Я чмокнул маму в щёчку и побежал делать уроки. Впрочем, какие уроки, скоро летние каникулы.

Утром я встал, как обычно, рано. Начал делать зарядку. Всё было нормально, пока не забрался на турник. На пятом разе по ногам что-то потекло горячее. Спрыгнул вниз. Пятная пол кровью, побежал в ванную.

Чёрт! С какого перепугу? Рано напрягаюсь? Нечего перетруждать больную тушку. Теперь ещё пол мыть.
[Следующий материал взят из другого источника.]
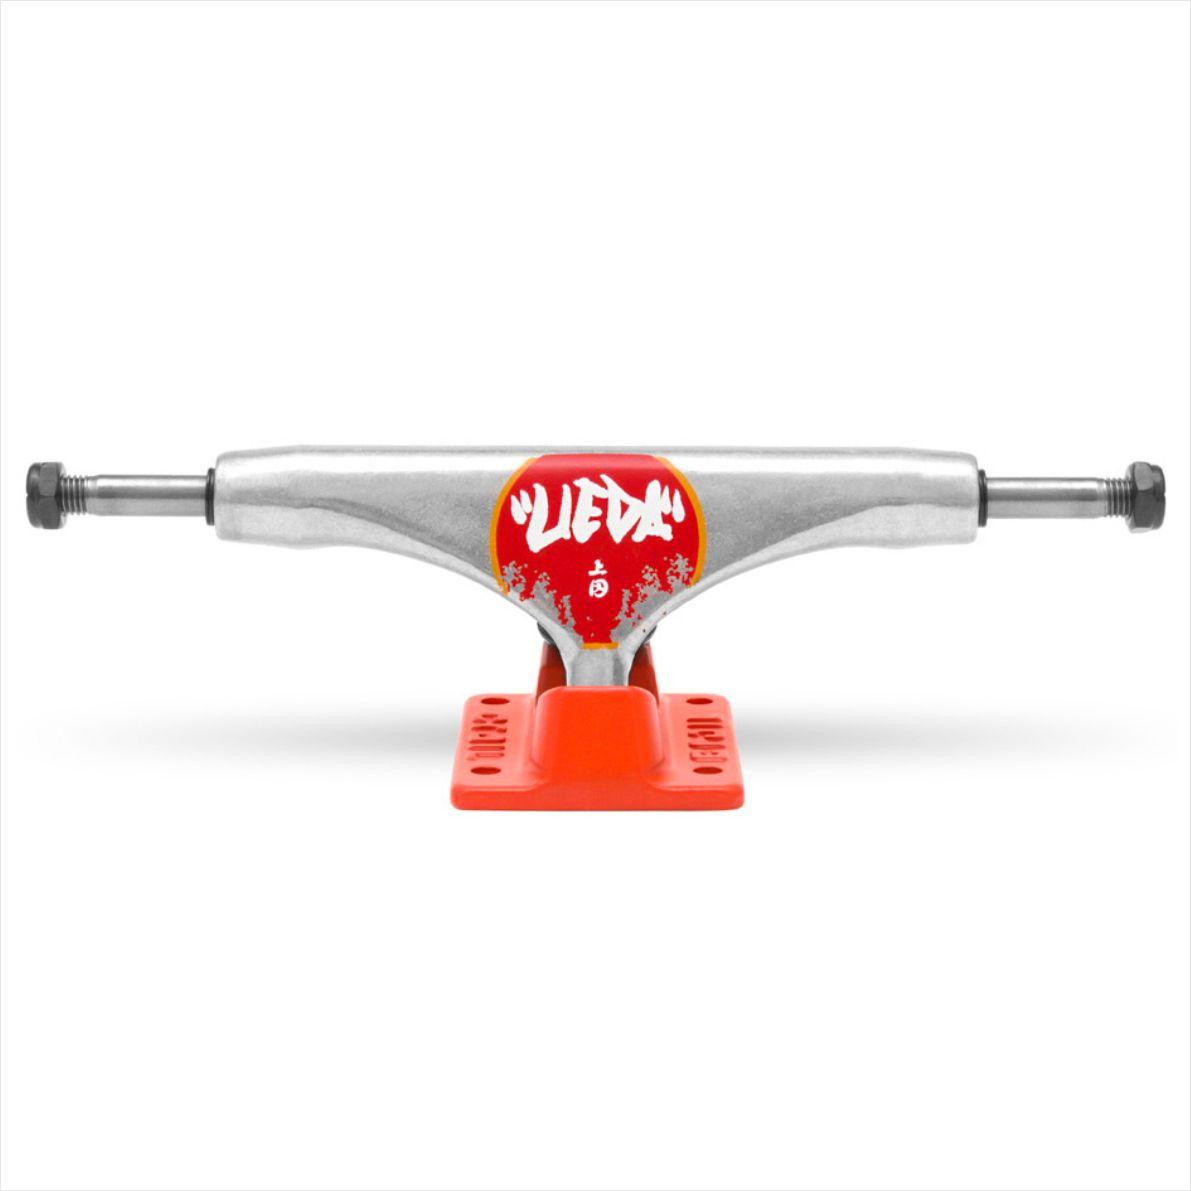 Truck Crail Mid 142 Tipografia Ueda  - No Comply Skate Shop

Дождавшись, когда стечёт «дурная кровь», промыл раствором, и запечатал тампоном. Не повредить бы мембрану, доказывай потом!
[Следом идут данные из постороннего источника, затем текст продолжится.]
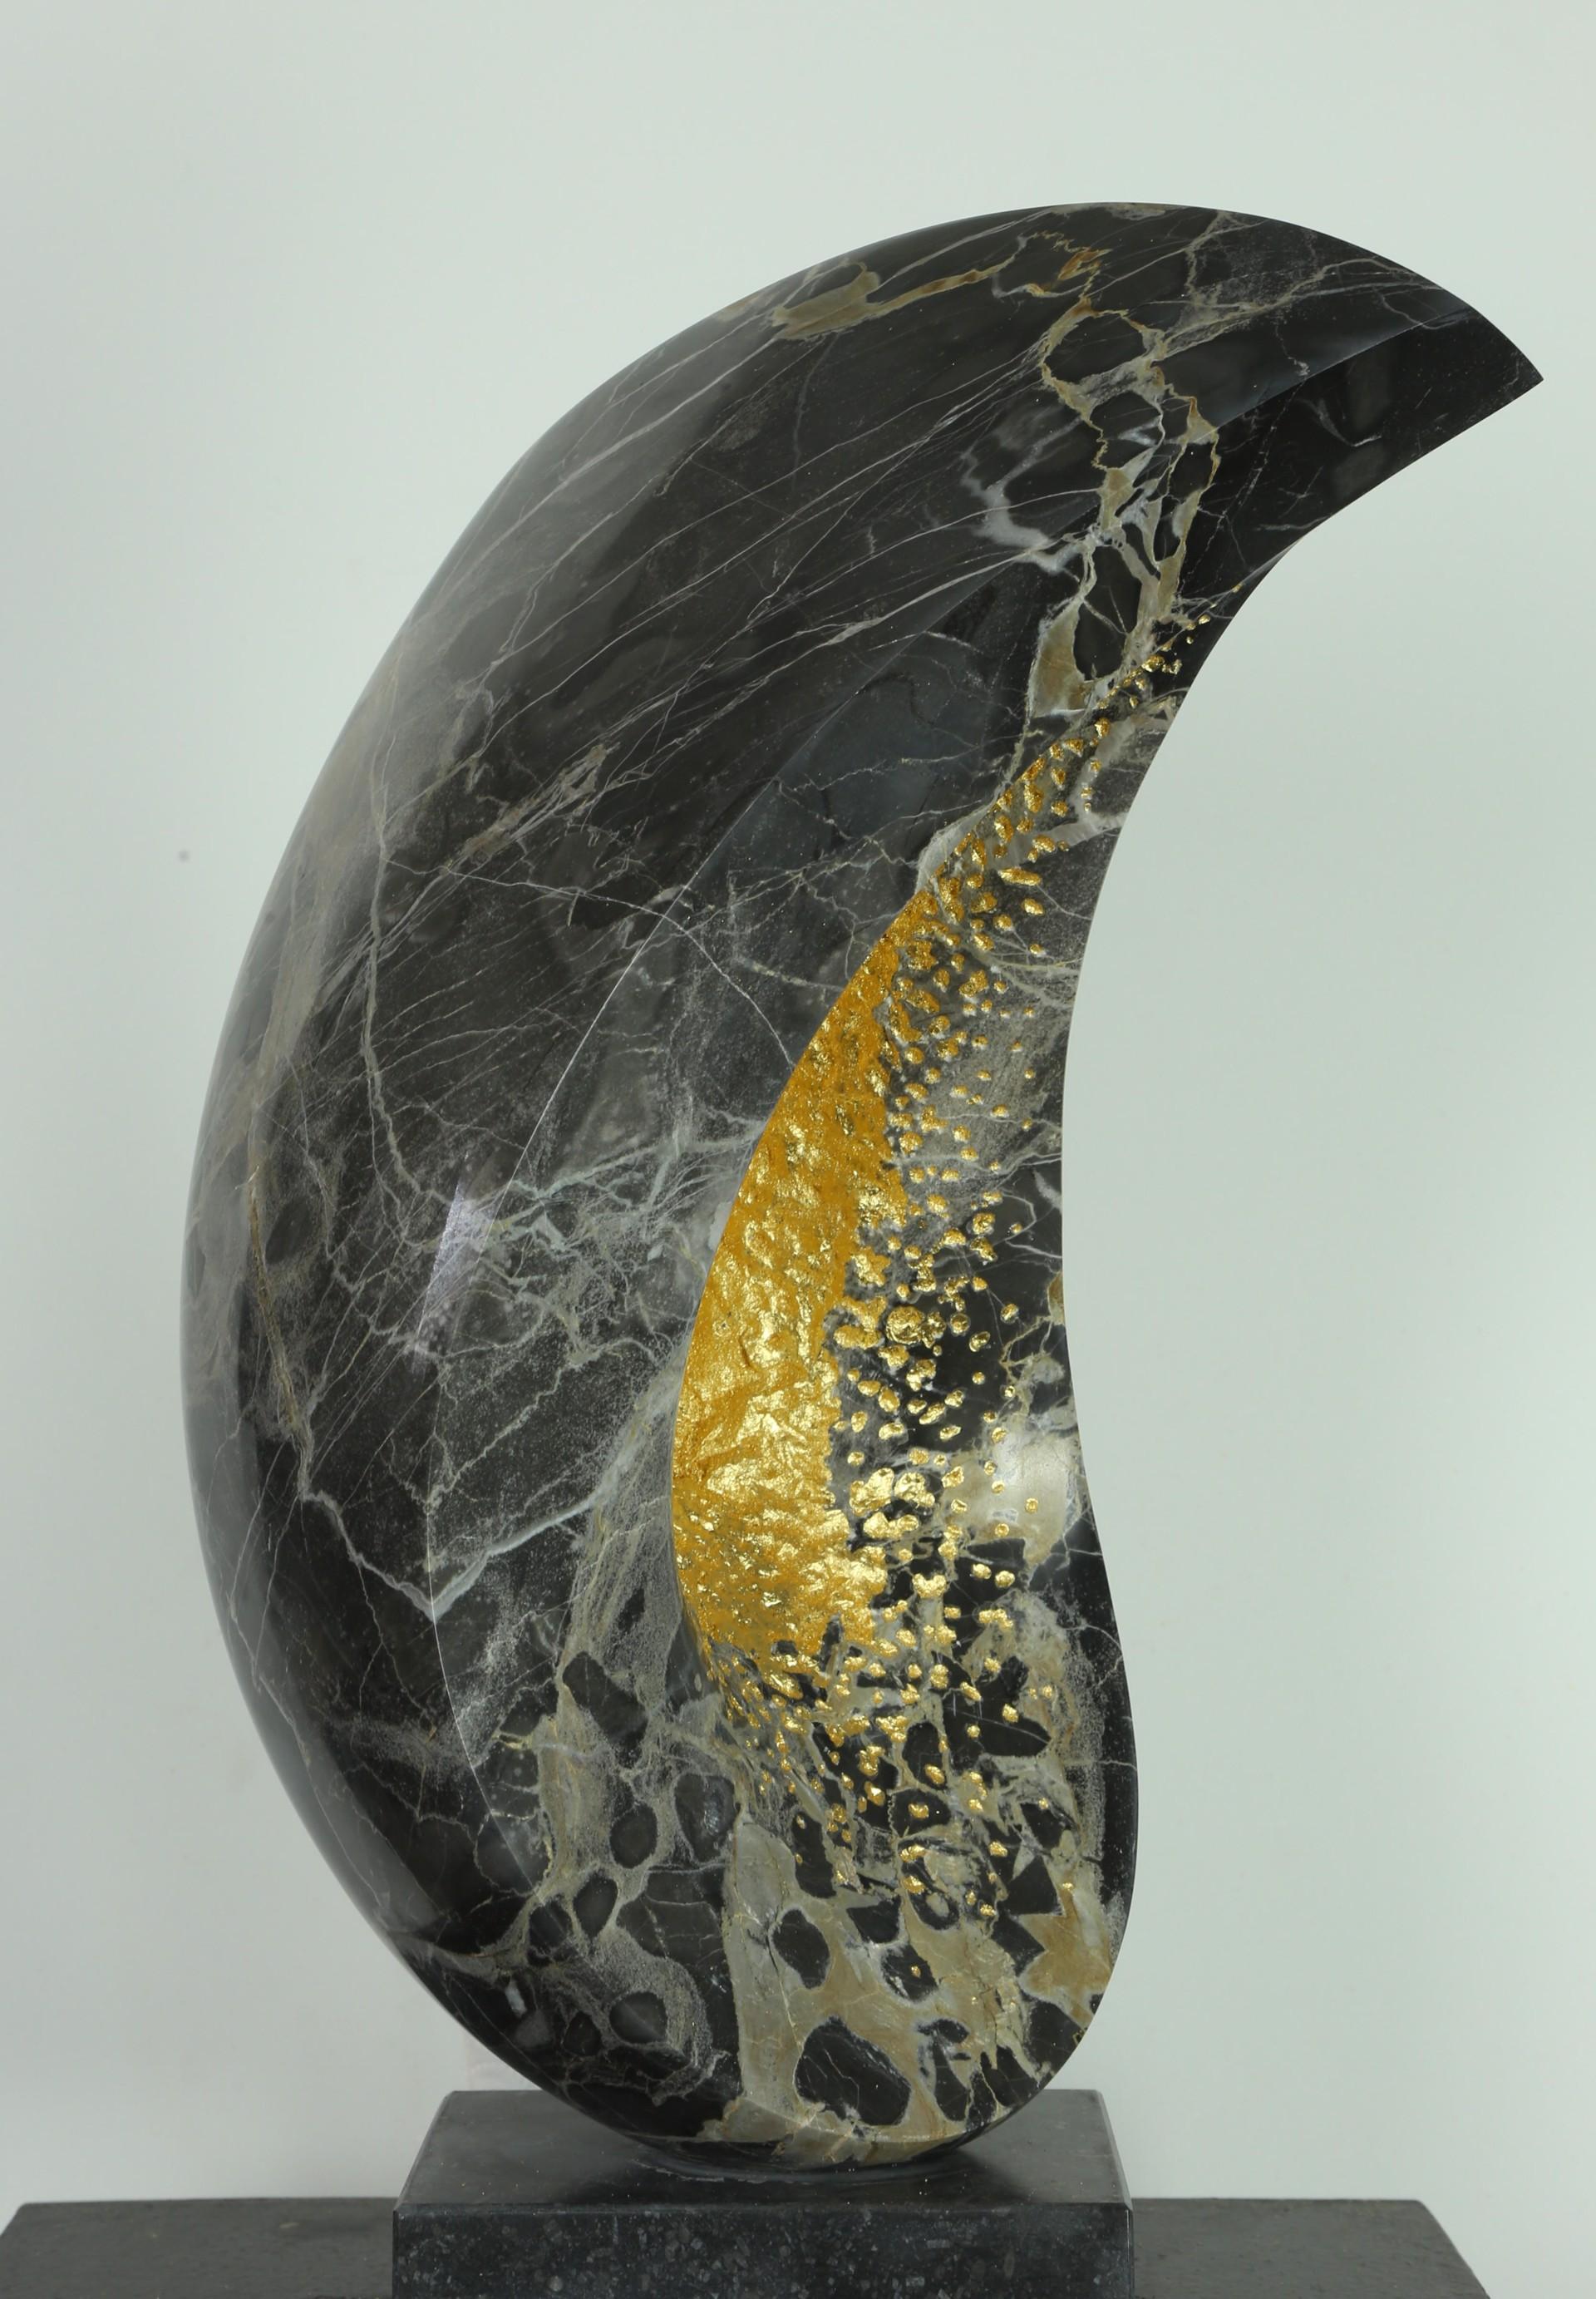 Burnish by Michael Thacker

Самый доверчивый мужчина не поверит таким сказкам. По себе знаю:

— У тебя была девушка?

— Была. Один раз.

— У меня был парень. Тоже один раз.

И никаких доказательств не требуется.

А я хочу, чтобы у меня был первый и последний. На всю жизнь. Ещё бы он был рядом. А то уйдёт в свои дурацкие моря, и опять вой на Луну.

На Луне живёт богиня всех волков и собак Акбара, что значит Предвышняя. Видите, она сидит, и поёт песню, раскрыв пасть?
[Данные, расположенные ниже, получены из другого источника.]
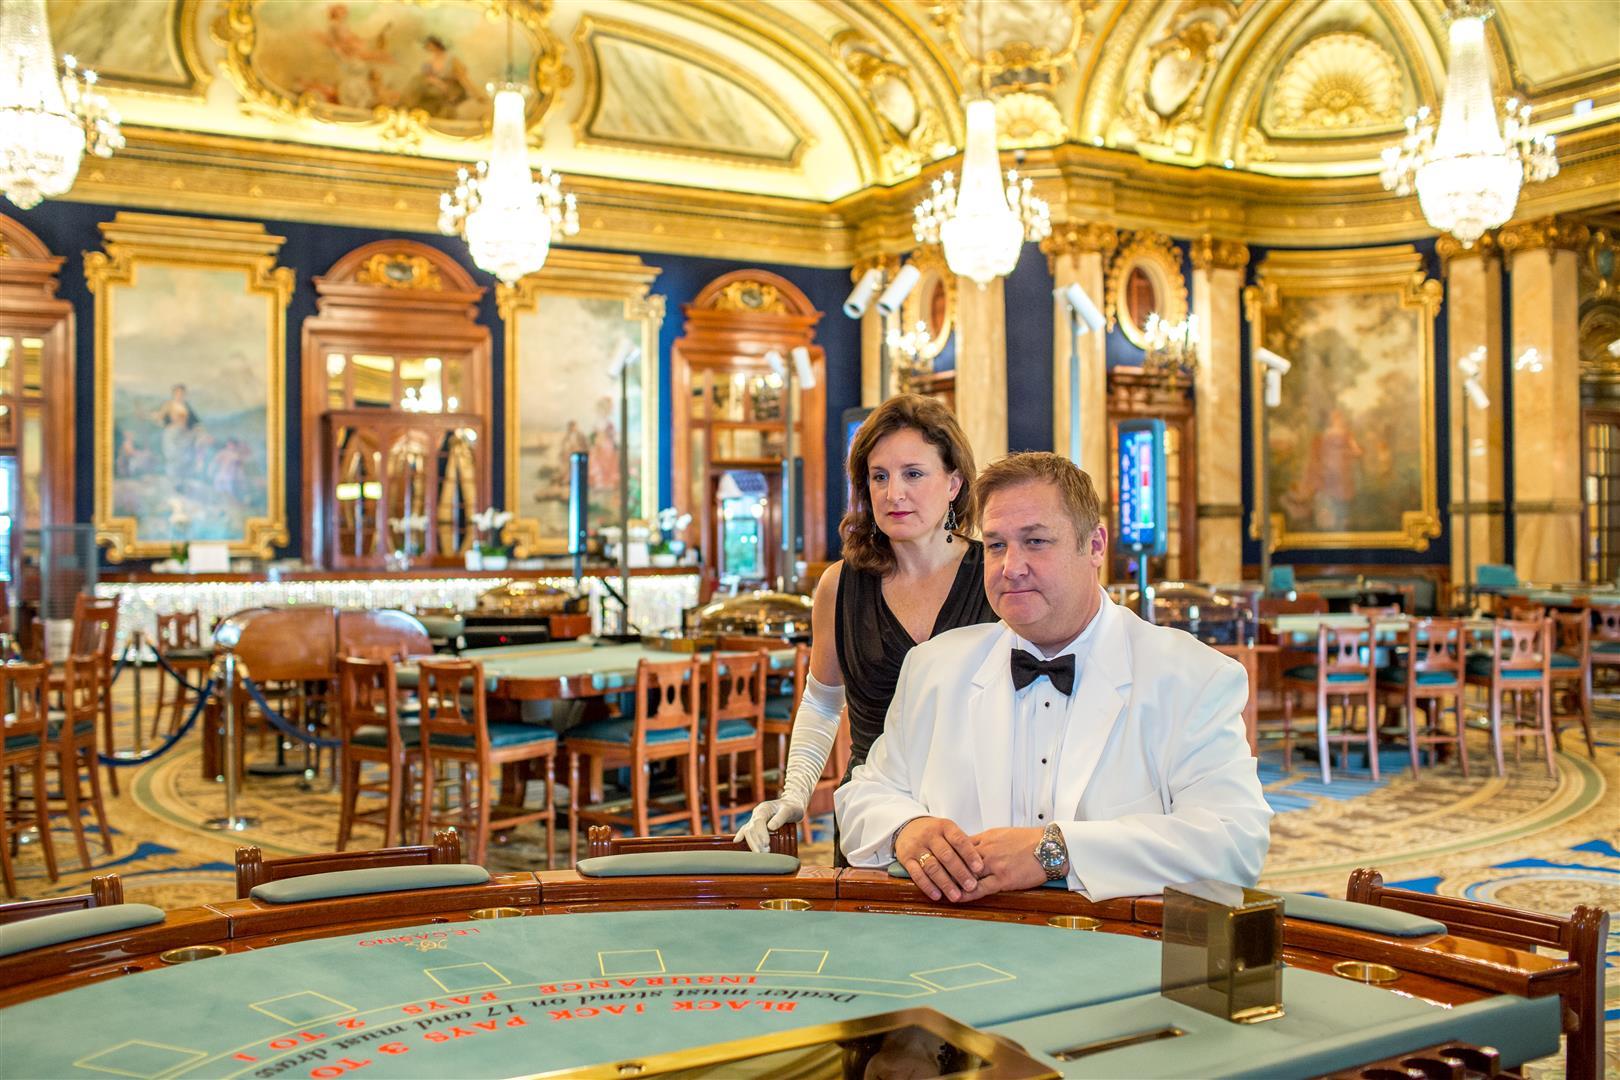 Bermuda casinos

Мне снова захотелось посмотреть на Луну.

Ночью посмотрю. Папа не купил ещё поводок? Надо поторопить, а то скоро кончится полнолуние.

Я вылез из ванны, вытерся, внимательно осмотрел себя, нет ли где пятен крови, и оделся. И тут вспомнил. Сегодня у меня день рождения. Тринадцать лет.

Сразу упало настроение. Я поплёлся к себе. Когда проходил мимо кровати родителей, папа шепнул, чтобы не разбудить маму:

— С днём рождения, дочка!

— Угу, — буркнул я. И правда, дочка, с тампоном то.

— Что, опять?

— Опять.

Папа с кряхтением встал, прошёл в туалет. Потом, молча, налил в ведро воду и стал мыть пол. Я остолбенел. Первый раз такое вижу.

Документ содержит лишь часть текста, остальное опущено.